Friday, 16 October 2020

Commission of Investigation (Mother and Baby Homes and certain related Matters) Records, and another Matter, Bill 2020: Committee and Remaining Stages

 

10:30 am

Photo of Alice-Mary HigginsAlice-Mary Higgins (Independent) | Oireachtas source

I am disappointed. With great respect, the 2004 Act is not set in stone. We amend and change laws all the time. Of course, there is a concern if there are people whose rights are affected because we have changed a law. The Minister may speak of the rights of those who participated. However, there is sufficient measure already, even within Article 15 of the GDPR, to protect the rights of those who participated. Article 15 states: "The right to obtain a copy referred to in paragraph 3 [the right of providing a copy of personal data] shall not adversely affect the rights and freedoms of others." The latter means that there is already in place a measure which ensures that if there is a concern on the part of anybody who participated in the commission that his or her rights might be affected. I do not see how inhibiting Article 15, or seeming to do so - especially when the Minister described them as almost being more concerned - because, at present, the position is only constrained under section 39 of the 2004 Act, which was only inserted into it two years ago. The Act was changed two years ago in an explicit attempt to narrow the position and remove rights under Article 15 because the GDPR rights took precedence over the original constraints. The 2004 Act was amended in 2018 by means of section 198 of the Data Protection Act, whereby there was an explicit decision to have it stated that Article 15 would be constrained only "to the extent necessary and proportionate to safeguard the effective operation of commissions and the future cooperation of witnesses".

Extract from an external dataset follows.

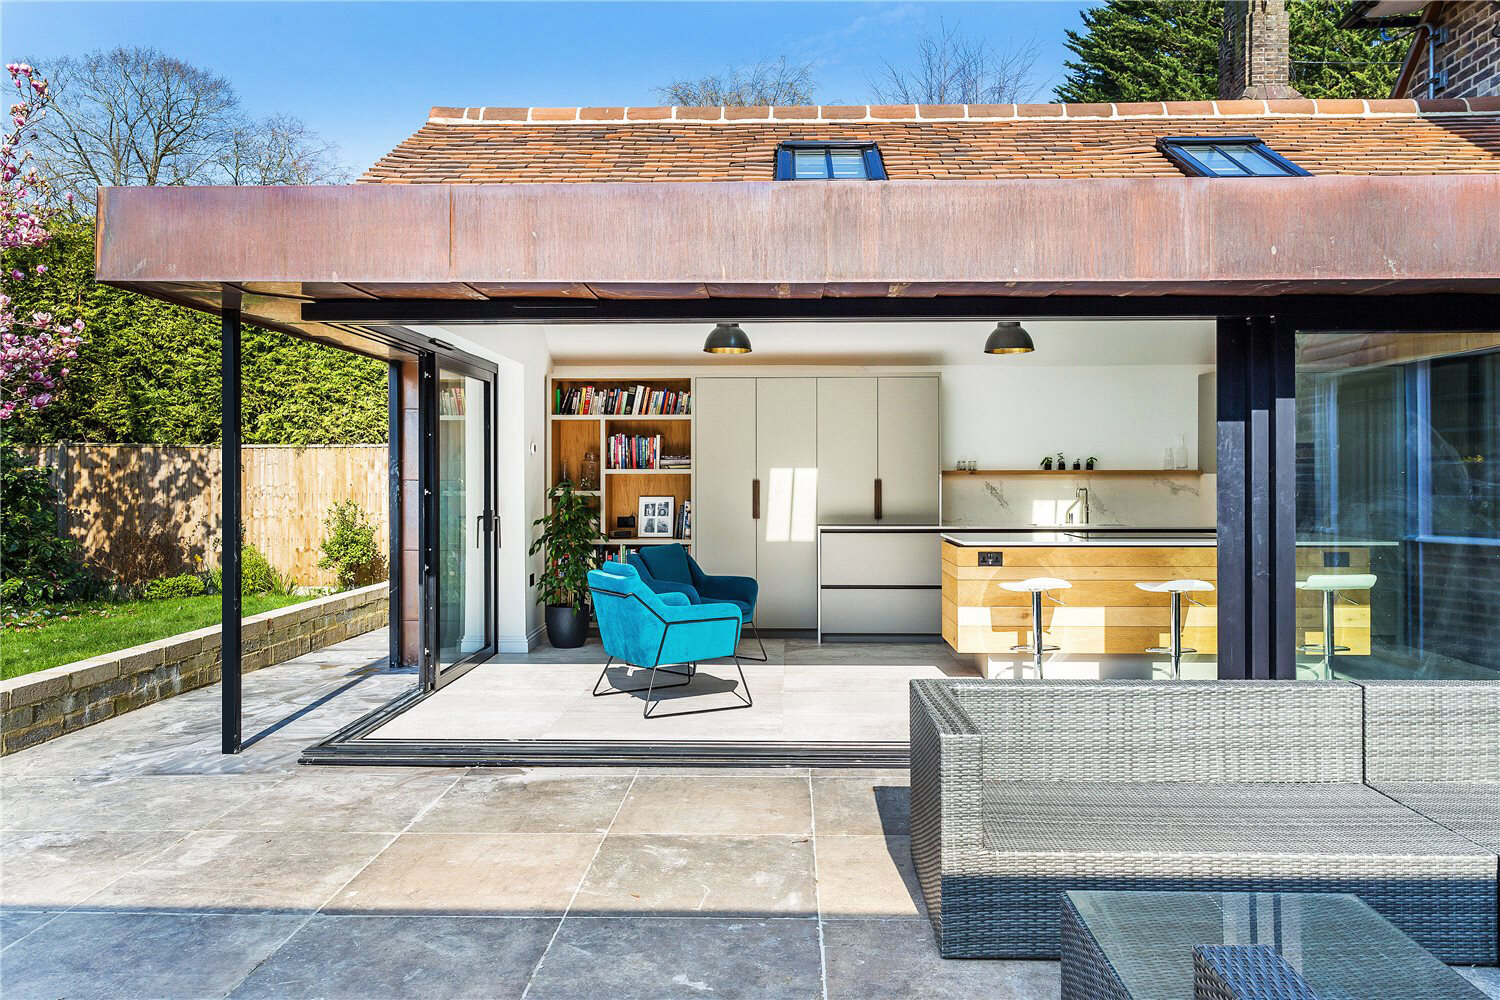 West Common, Haywards Heath, West Sussex — Fletcher Crane Architects

Amendments Nos. 24 and 26 in the names of Senators Bacik and Ruane simply seek to clarify that Article 15 applies. However, it should be clearly stated on the record that it applies and that the exclusions the Minister has put in with regard to section 198 of the 2018 Act are not helpful and should be removed. If the Minister does not remove them, he will have a battle of interpretation because I guarantee that someone will say that the decision to withhold from someone information regarding where that person's child is buried is not necessary or proportionate in the context of the operation of future commissions. The Minister is opening himself up to a suite of litigation. Of course, there will be those who will not be able to litigate and they will simply suffer as a result of the impact of a poorly designed tool. If the Minister cannot accept either amendment Nos. 24 or amendment No. 26, he needs to know that the Senators asked him to clarify that issue in the context of both of those amendments. I regard refusing information to persons in respect of a deceased family member as already being illegal and out of line with Article 15 - even under the interpretation adopted by means of section 198 of the 2018 Act - but I would regard it as an unnecessary cruelty to fail to give people that clarity and to suggest, in the context of the records, that it somehow cannot be done.